Jenn screwed up her face. “Well . . .”
Lex sighed. “That’s encouraging.”
Jenn shrugged and kept eating.
“I thought I’d look for a boyfriend at work. You know, for Grandma’s ultimatum. I only have three more months. But now I can’t tell the cools from the creeps.”
“Yeah, that’s tough.”
“I just don’t like being forced to date someone. What is it with Grandma and great-grandchildren?”
Jenn paused with a piece of char siu pork in her chopsticks. Her extra-large brown eyes leveled with Lex’s. “You don’t know?”
“What do you mean?”
“Lex, for our parents and grandparents, children are their immortality.”
Lex was suddenly dipped into a bucket of ice water. Grandma favoring her right hip, that vulnerable moment when she’d looked so old and tired. Was Grandma feeling her age and working to increase her legacy? An extension of her own life?

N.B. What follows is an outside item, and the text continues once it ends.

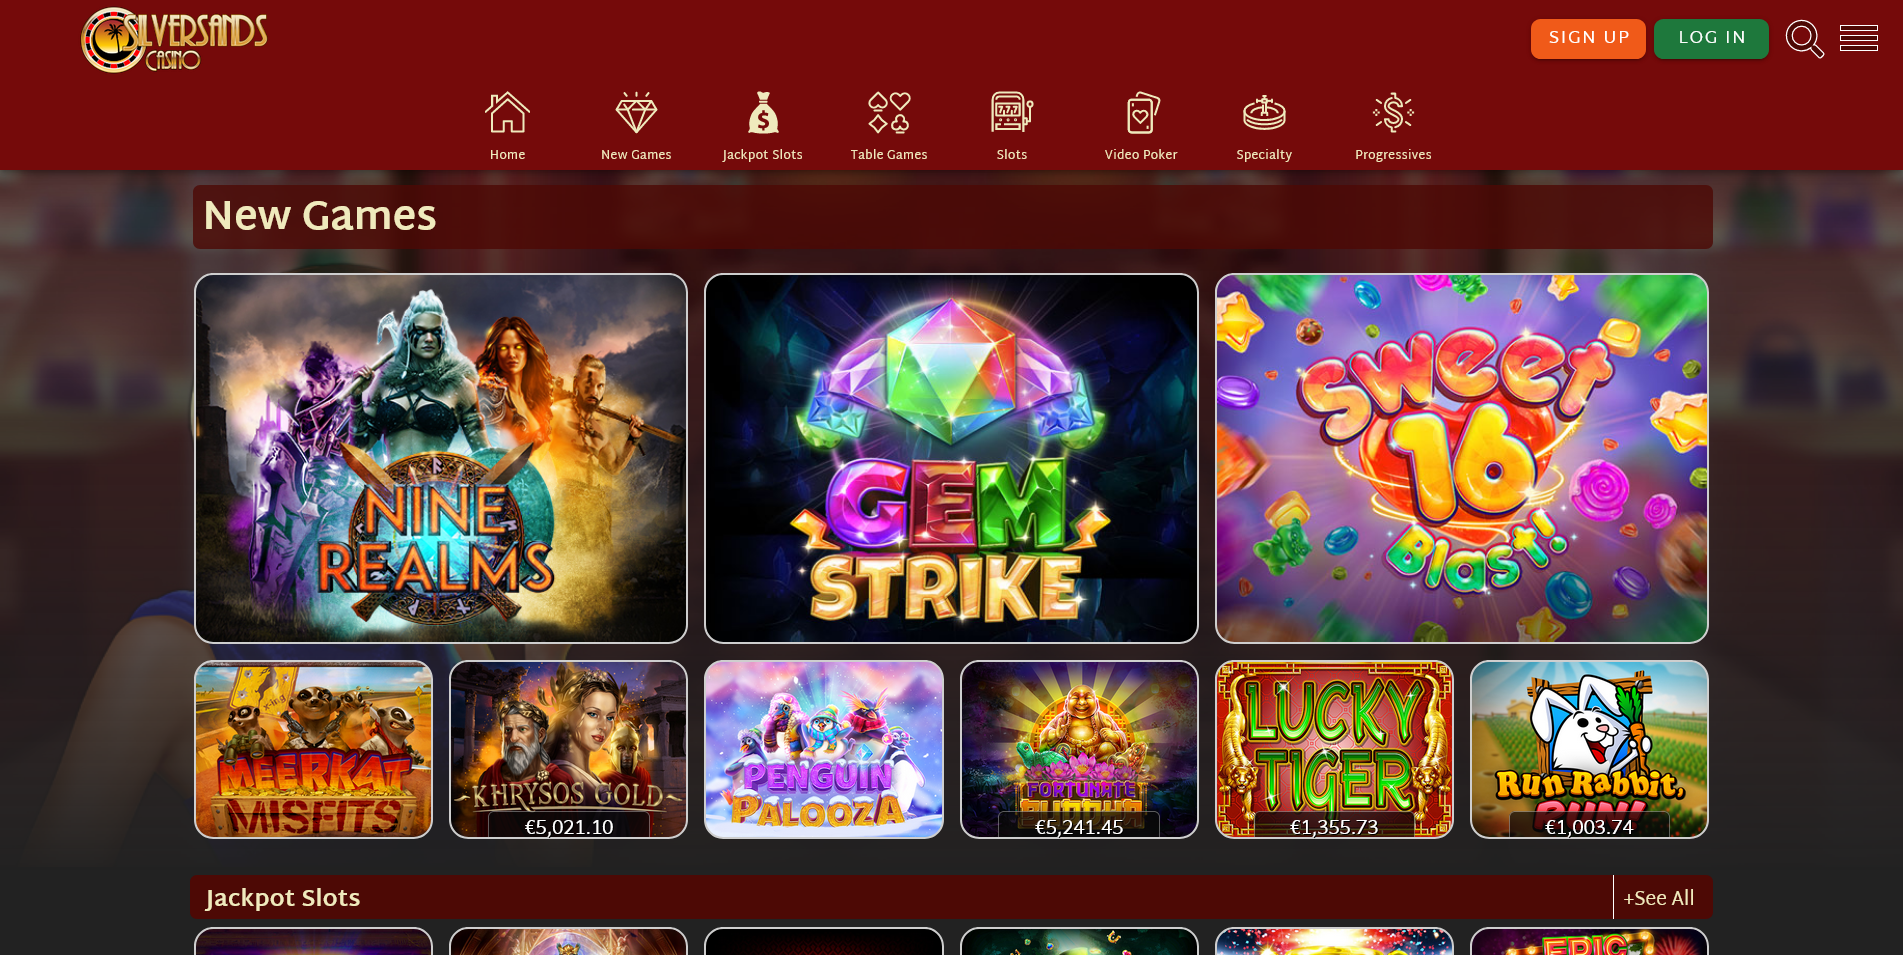 Screenshot of Game Section Page on SilverSands Casino site

“I also think . . . I hope this isn’t gossip . . .”
Lex waited. Jenn would spill eventually.
“I heard Grandma telling Mom that she stopped seeing her friend Mrs. Matsumoto.”
Mrs. Matsumoto had babysat each of the cousins. She was also Christian, and very vocal about it too. “Grandma and Mrs. Matsu-moto clash all the time. They’re too much alike — both outspoken.”
“No, this time I think it’s serious. I don’t know what Mrs. Matsu-moto told Grandma, but she won’t talk to her at all.” Jenn feverishly jabbed her chopsticks at her bed of crispy noodles. “I think that’s why Grandma’s after us. After you.”
“Huh? Speak up.” Jenn had a tendency to not only lower her husky voice, but to also talk to her chest.
Jenn looked up with a troubled gaze. “I don’t know this for sure, but . . . maybe she’s being hard on you because you’re always so adamant about dating a Christian.”
Lex blinked. Mainly, that had been a tactic Lex used to keep Grandma from throwing the sons of her Buddhist friends at her. “That doesn’t make sense. Grandma’s never liked the fact we four are Christian, but she’s never been outright hostile about it . . .” Until now.
Jenn went back to stabbing her noodles. “I’m wondering if Mrs. Matsumoto said something that really made Grandma uncomfortable.”